The problem remains in the LBC stage. I have cloned the current repo in Ubuntu 24.04 with Cuda 12.2 and Drivers 535.138.01. I am using a laptop GPU RTX 4060 .
I have followed all the setup.sh
steps without any relevant error.
I have set the aliengo_lbc_config
as follows:
class runner(LeggedRobotCfgPPO.runner):
alg = "lbc"
run_name = "debug"
experiment_name = "lbc_aliengo"
max_iterations = 10000
num_test_envs = 30
resume = False
resume_path = "weights/lbc.pt"
teacher_policy = "experiments/obstacles.pt"
I am using this obstacles.pt
teacher model which visually performs very well (see this video). And now I want to train a student with your incredible LBC approach!

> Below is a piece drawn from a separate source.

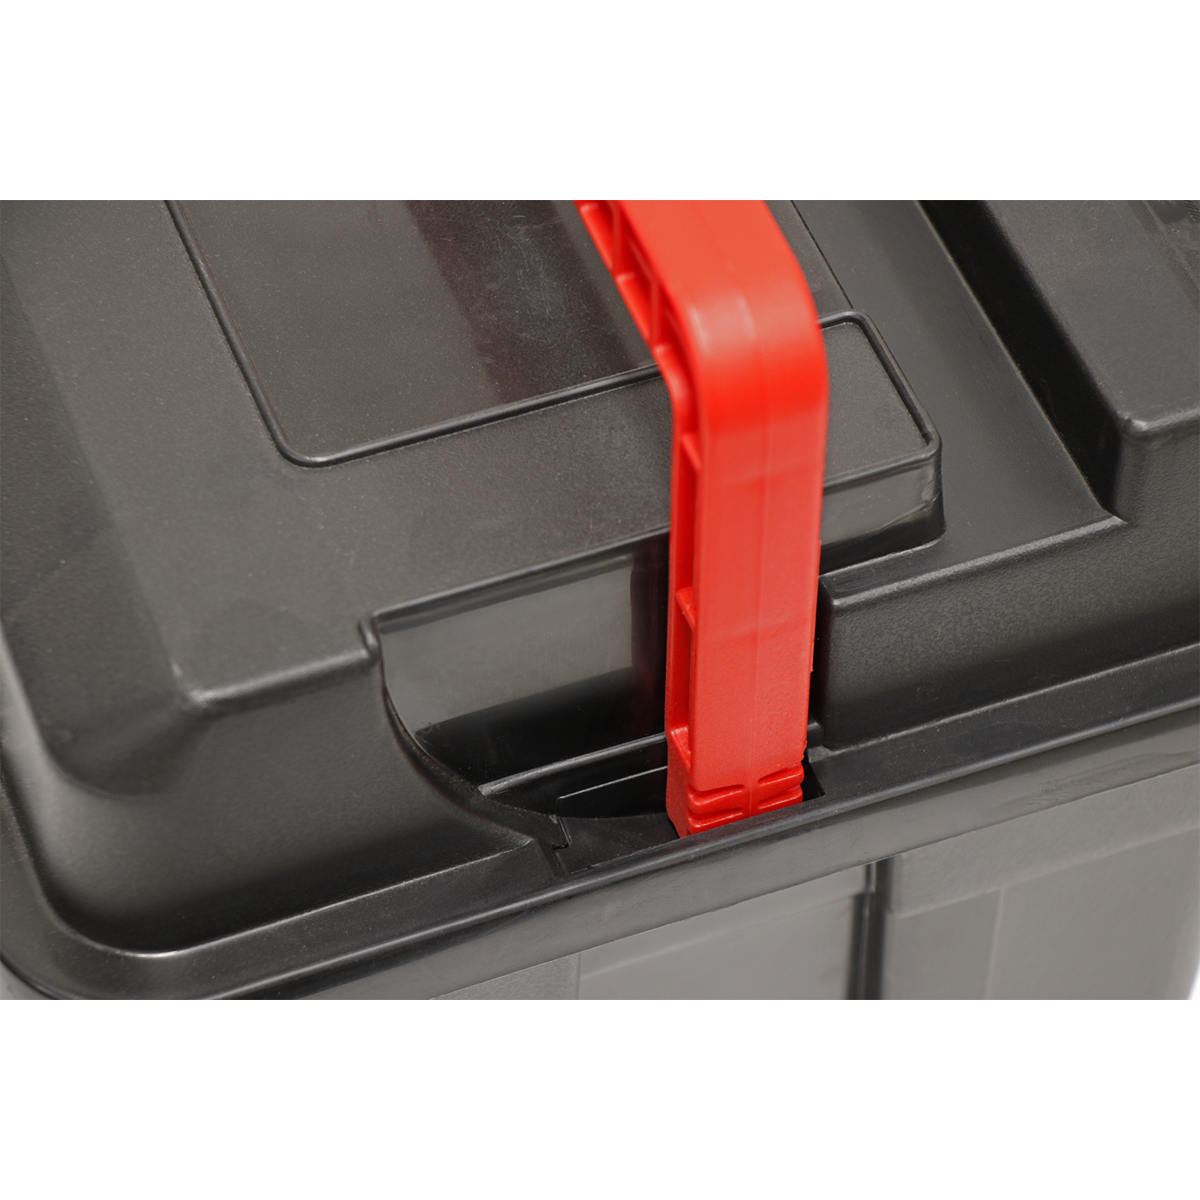 Toolbox with Locking Carry Handle 580mm - AP580LH - Farming Parts

The first try results in a small bug:
Traceback (most recent call last):
File "legged_gym/scripts/lbc.py", line 54, in <module>
train(args)
File "legged_gym/scripts/lbc.py", line 42, in train
env, env_cfg = task_registry.make_env(name=args.task, args=args)
File "/home/josep-barbera/Documents/nViNL/legged_gym/utils/task_registry.py", line 123, in make_env
record=record
File "/home/josep-barbera/Documents/nViNL/legged_gym/envs/aliengo/aliengo.py", line 124, in __init__
self.envs[env_idx], self.actor_handles[env_idx], "base"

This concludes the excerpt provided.